C'est vrai ça, je pourrais lire, prendre un bain moussant ou, soyons fous, faire l'amour. Mais moi, j'ai un peu honte de l'avouer, le week-end, entre 13 et 15 heures, je dors. Pour tous les matins où ma fille se glisse dans notre lit, toutes les nuits où mon fils tousse, toutes les soirées où on n'a pas été "raisonnables", c'est-à-dire qu'on a osé se coucher après 23 heures. C'est un peu la lueur du phare que je ne quitte pas des yeux lors de la tempête matinale - parc par tous les temps, cris, caprices, déjeuner "mange-tes-légumes", "t'accroche pas aux rideaux", "n'éborgne pas ton frère", etc. Je regarde l'heure avec une impatience que je n'ai ressentie à aucun rencard amoureux ni à la fin d'une journée de boulot. Passées 13 heures, je peux décemment les foutre au lit, m'écrouler en toute élégance et baver sur mon oreiller.
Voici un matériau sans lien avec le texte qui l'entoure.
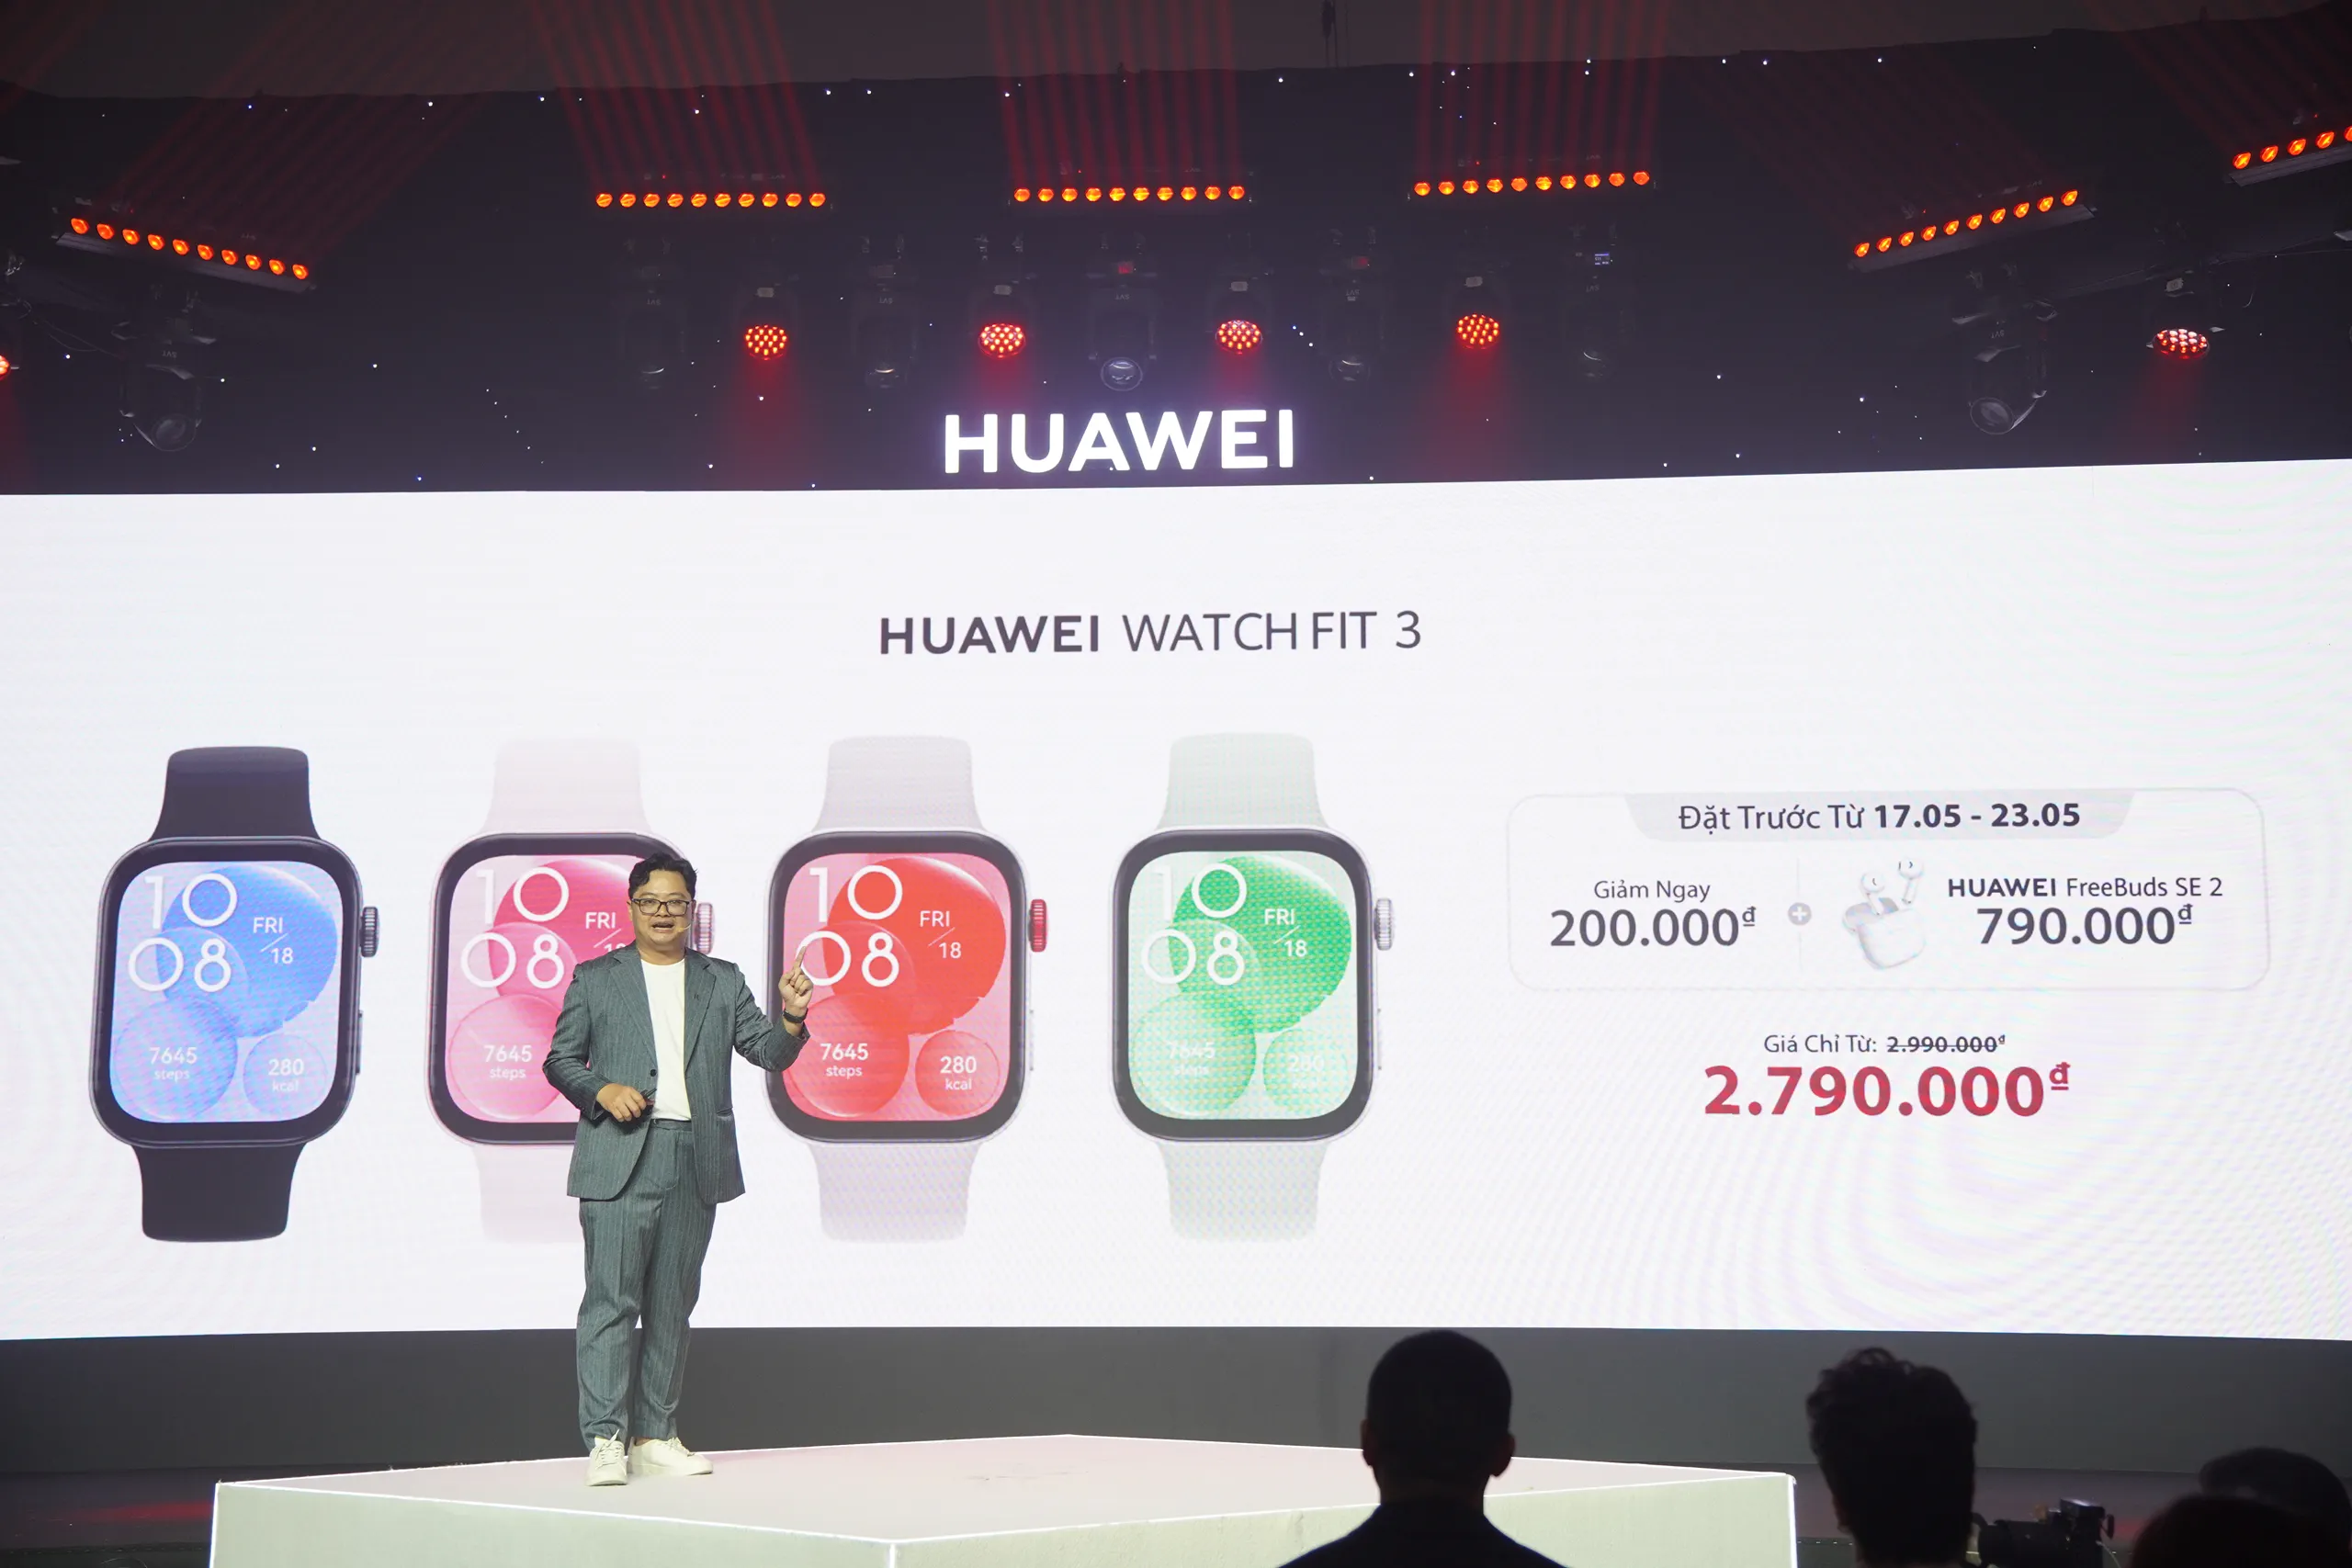 Huawei Watch Fit 3 ra mắt: Thiết kế thời trang, tính năng mạnh mẽ, giá thành hợp lý
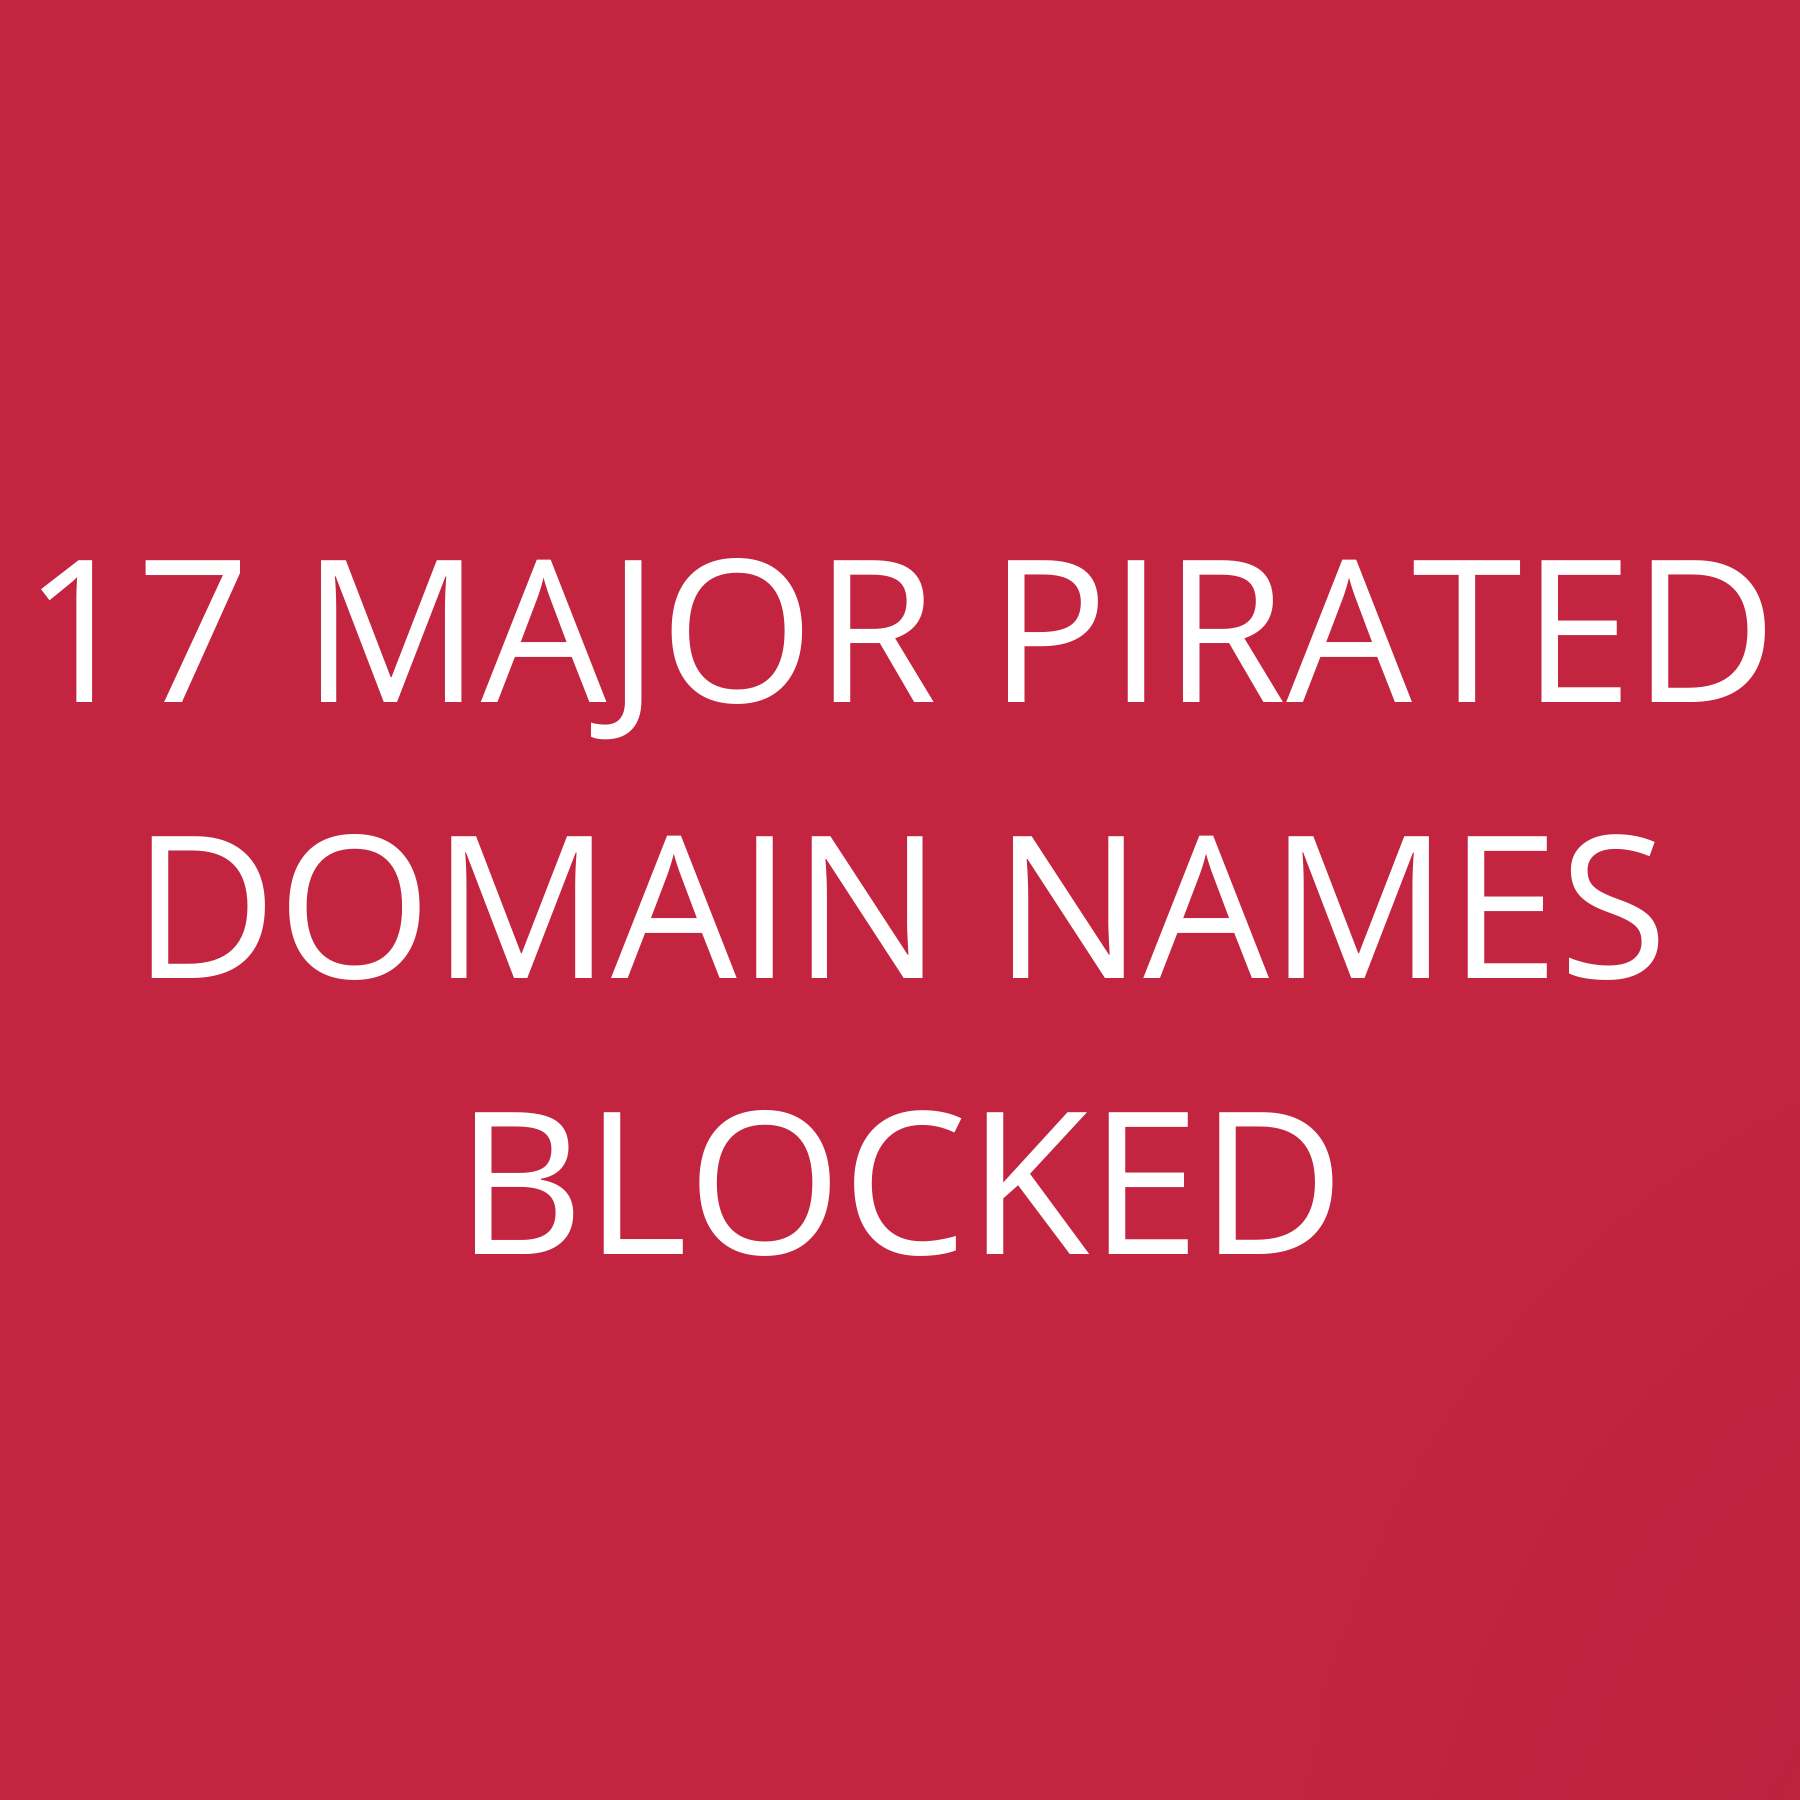 17 Major pirated domain names blocked

Le problème de la sieste, c'est qu'un jour, elle prend fin. Et tout ce que je viens de raconter, je peux désormais le mettre au passé.

Il y a toute une période où on ne veut pas y croire. On se dit que c'est passager. L'excitation, le printemps, la nounou qui la fait trop dormir. Mais non. Alors que mon fils de 5 ans était encore capable d'écraser au moins un jour dans le week-end, la pépette de 26 mois (pour ce genre de détails, on compte en mois) avait déjà tourné la page.

Dalva, elle est née avec une catégorie de piles dont Energizer et consorts cherchent désespérément la formule. Certains craignent les pédophiles ou les enlèvements pour rançon. Moi, la seule chose que je redoute, c'est qu'on kidnappe ma fille pour percer le secret de sa batterie inusable.

Et désormais, me voila en haute mer avec mon lapin Duracell.